The rules of the game were not considered clearly (the situation where 0 was in the first place was not taken into consideration), and the code was of no use if it was played correctly. I typed the code four times for one question, but after the game was over, the rules were wrong and I cracked!
What is even more uncomfortable is that there have obviously been different patterns in the game, and we have found a counterexample, but we have miscalculated it! Hanban Hanban Hanban Hanban Hanban!

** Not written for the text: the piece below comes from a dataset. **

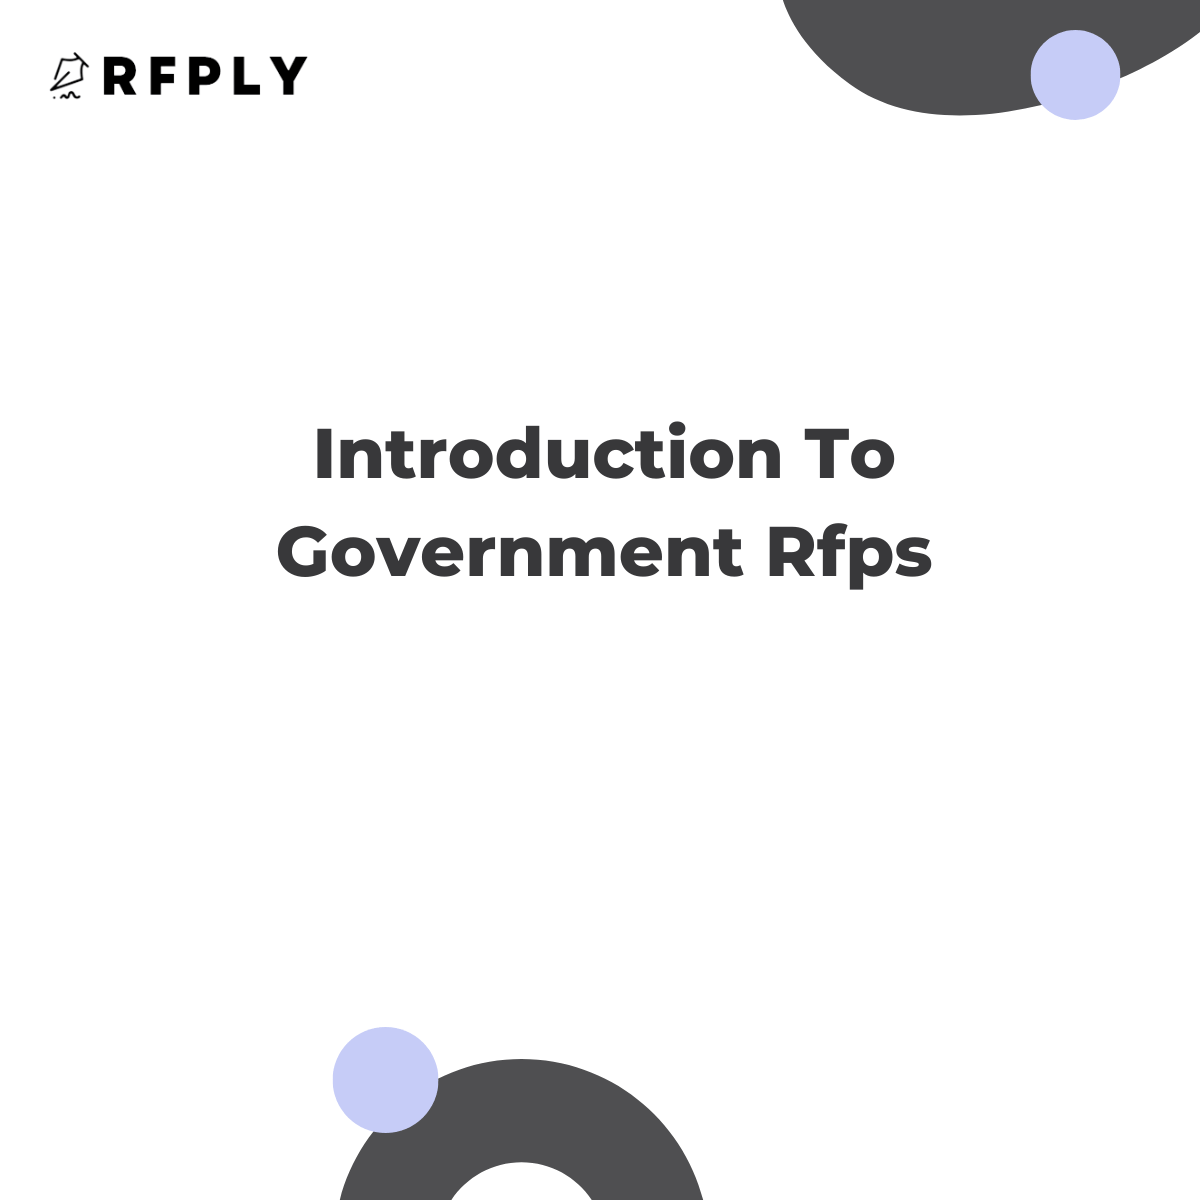 6 Government RFPs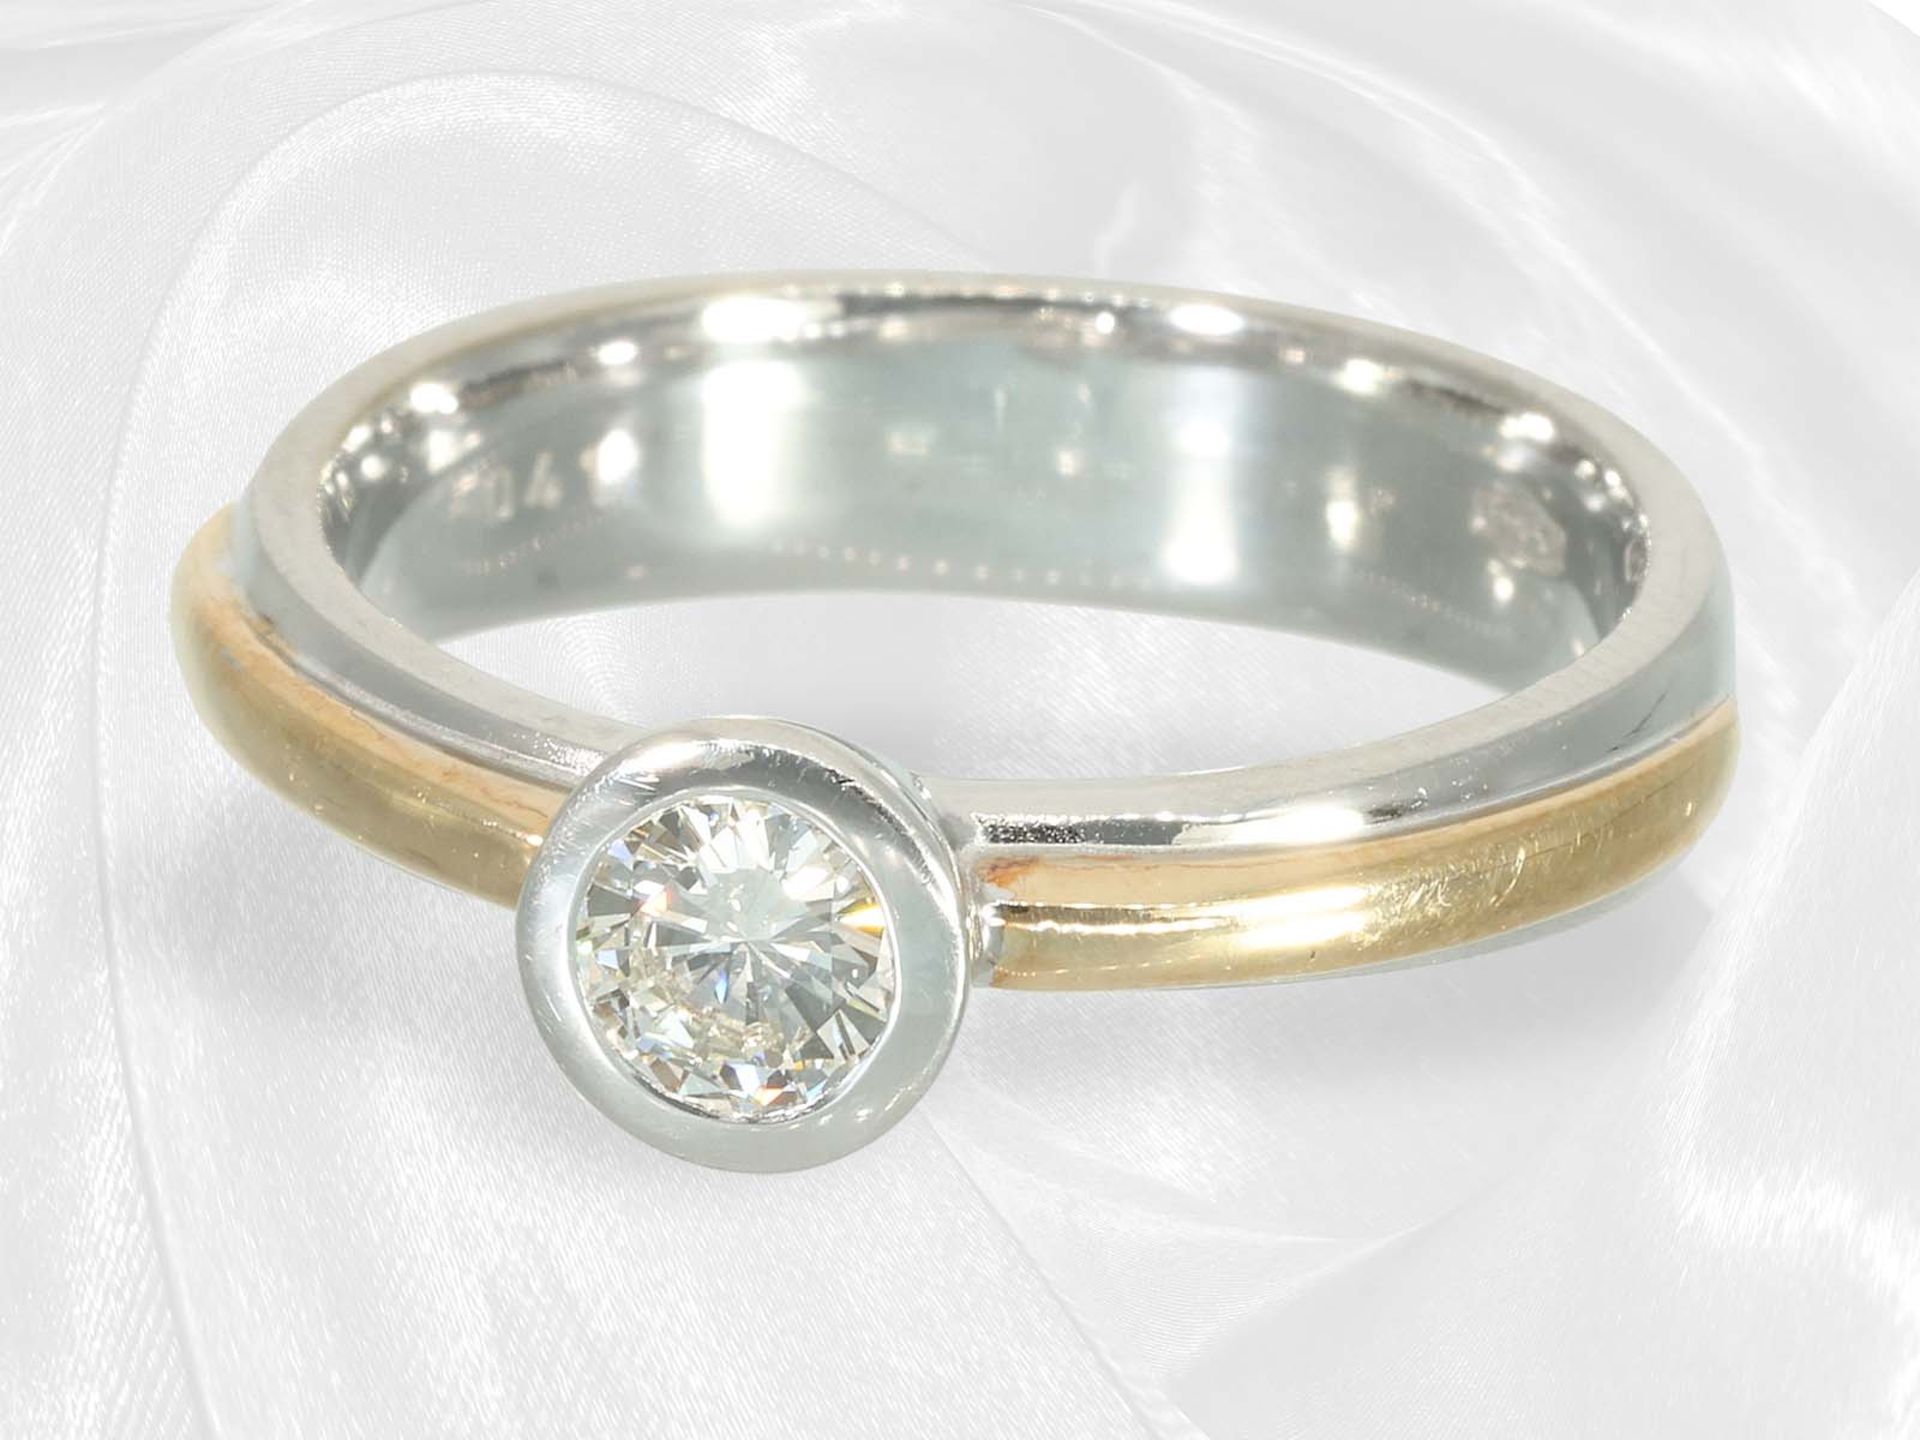 Modern and high quality bicolour goldsmith ring with a brilliant-cut diamond of approx. 0.41ct - Image 3 of 4

Finally changed the rules and kept WA! ! ! ! I exploded!
After changing it for a long time, I finally found a logical error. QAQ
if-else nesting resulted in a situation where there is no output! Naive!
(After writing test cases, you need to write them on a piece of paper, otherwise they are scattered everywhere, and you don’t know what you have written after a long time.
( If there are multiple code errors, you must consider the correctness of the rules!